How does competition work in the health insurance market? Do more competitors in a market area — say, a state — invariably mean a better deal for the insured?

These questions are germane as regulators are busy implementing the Affordable Care Act , which imposes a series of stringent new regulations on the market for health insurance, particularly the market for small-group or individually purchased insurance.

After months of hard work, for example, the National Association of Insurance Commissioners on Oct. 21 submitted to Kathleen Sebelius, the secretary of health and human services, its recommendations for defining the minimum loss ratio that health insurers must meet as of Jan. 1.

As I noted in two earlier posts on the ratio, it expresses what portion of the premiums collected by insurers must be paid out in the form of “medical benefits.” For insurance sold in the small-group or individual insurance market, the portion must be at least 80 percent. For insurance sold in the large-group market it must be at least 85 percent.

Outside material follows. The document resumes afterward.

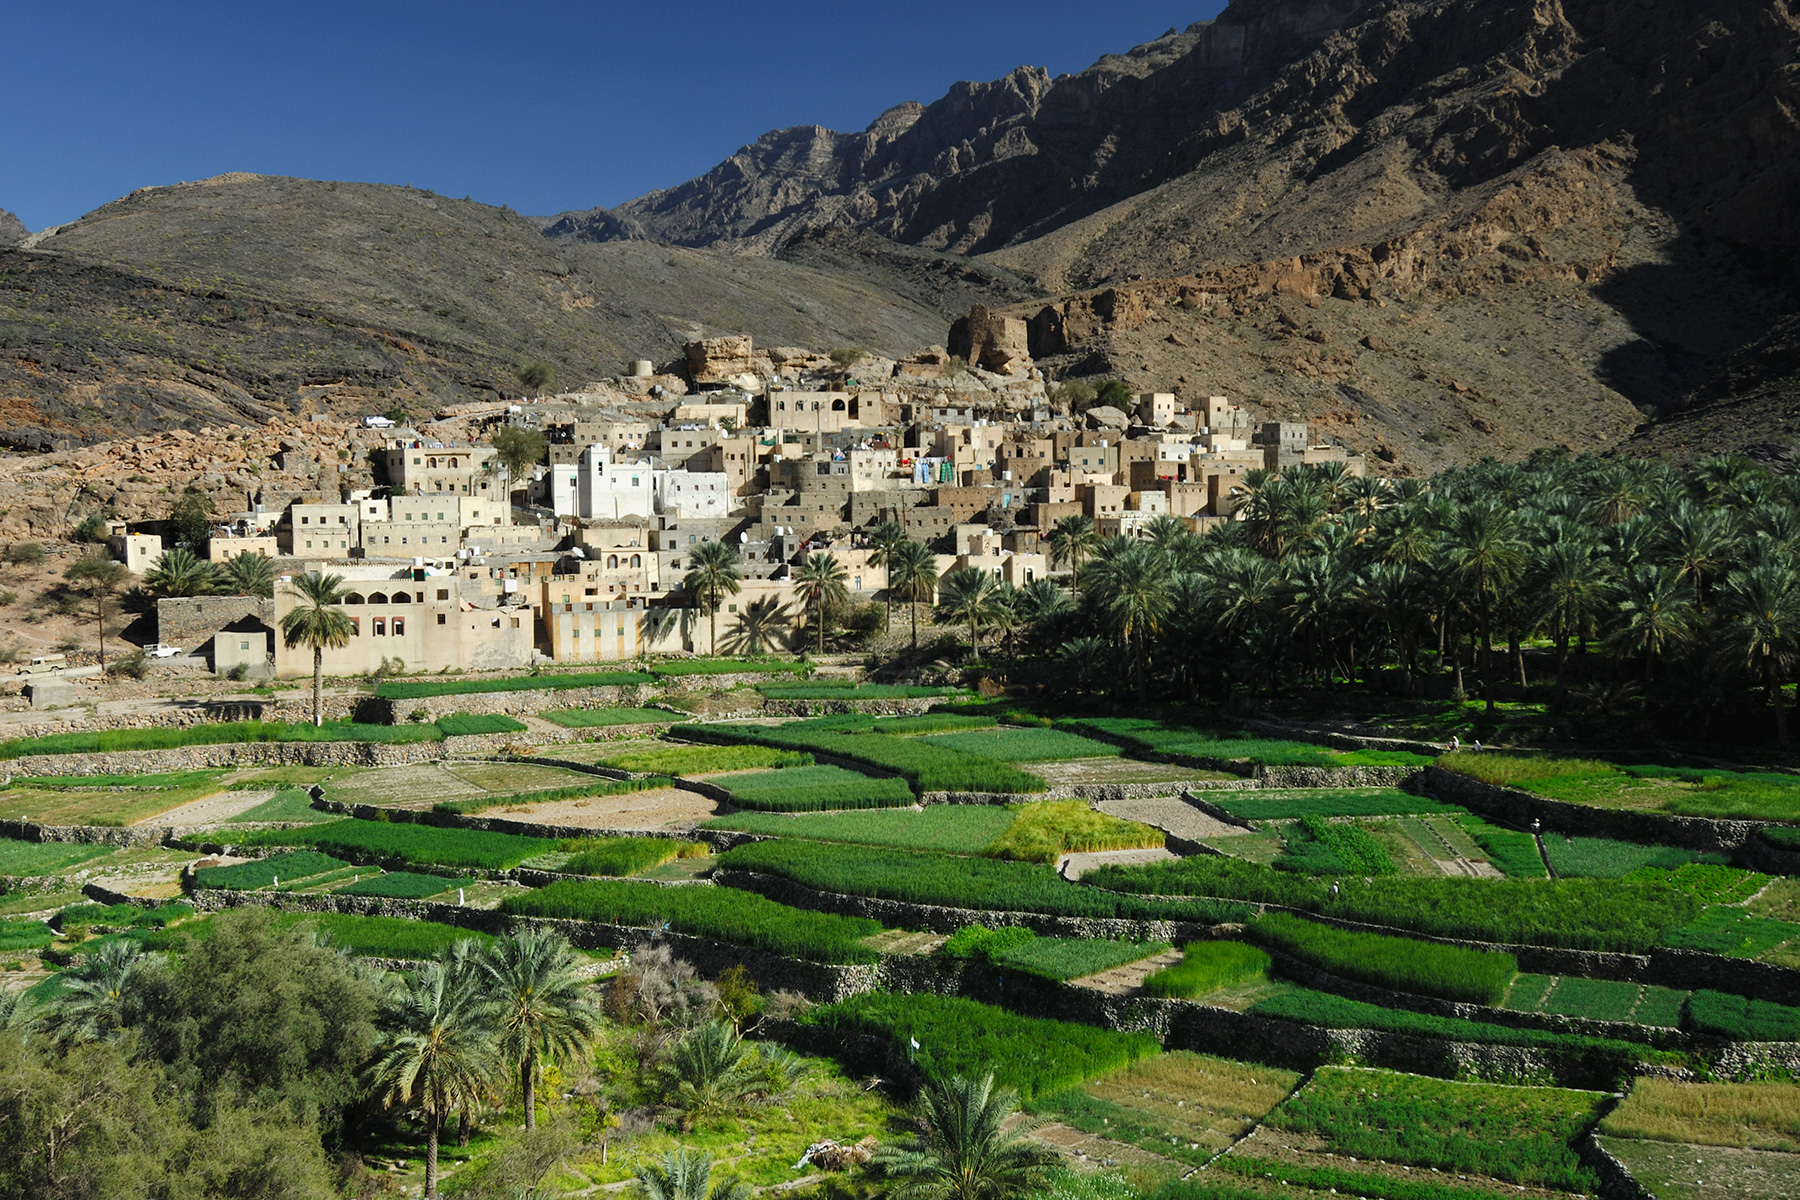 Sultanat d'Oman - Village de Balad Sayt avec patchwork de champs cultivés

One can debate whether, with properly conducted health insurance exchanges, this regulation of the minimum-loss ratio was actually necessary. I think not, because if both the benefits and the premium for them are clearly stated, I can comparison-shop. It’s not important for me to know how insurers allocate the premium.

But if it were to be imposed, it should have been phased in gradually, over, say, four years or so, as was done with the Medicare prospective payment system for hospitals introduced under the Reagan administration in the mid-1980s and the Medicare physician-fee schedule introduced by the George H.W. Bush administration in the early 1990s.

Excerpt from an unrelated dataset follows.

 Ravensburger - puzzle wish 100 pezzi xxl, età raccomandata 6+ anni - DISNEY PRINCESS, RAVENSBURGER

If major changes in the health system are imposed rapidly, they tend to generate untoward and sometimes unanticipated side effects that must then be addressed with ad-hoc waivers or other adjustments, such as the esoteric “credibility adjustment” of the minimum-loss ratio, whose details most readers of this blog probably wish to be spared.

Now that the regulation is on the books, one wonders what impact it will have on the number of insurers competing in the market and what effect their numbers will have on the insured.

In a letter submitted to the insurance commissioners in May, the Council for Affordable Health Insurance reminded the commissioners that these states’ traditional “standards for individual-market loss ratios vary between 55 to 65 percent, depending on the type of plan.” The council, as well as the American Health Insurance Plans, argues that the effect of the regulation will be to drive many small insurers from the market and thus to reduce competition for health insurance.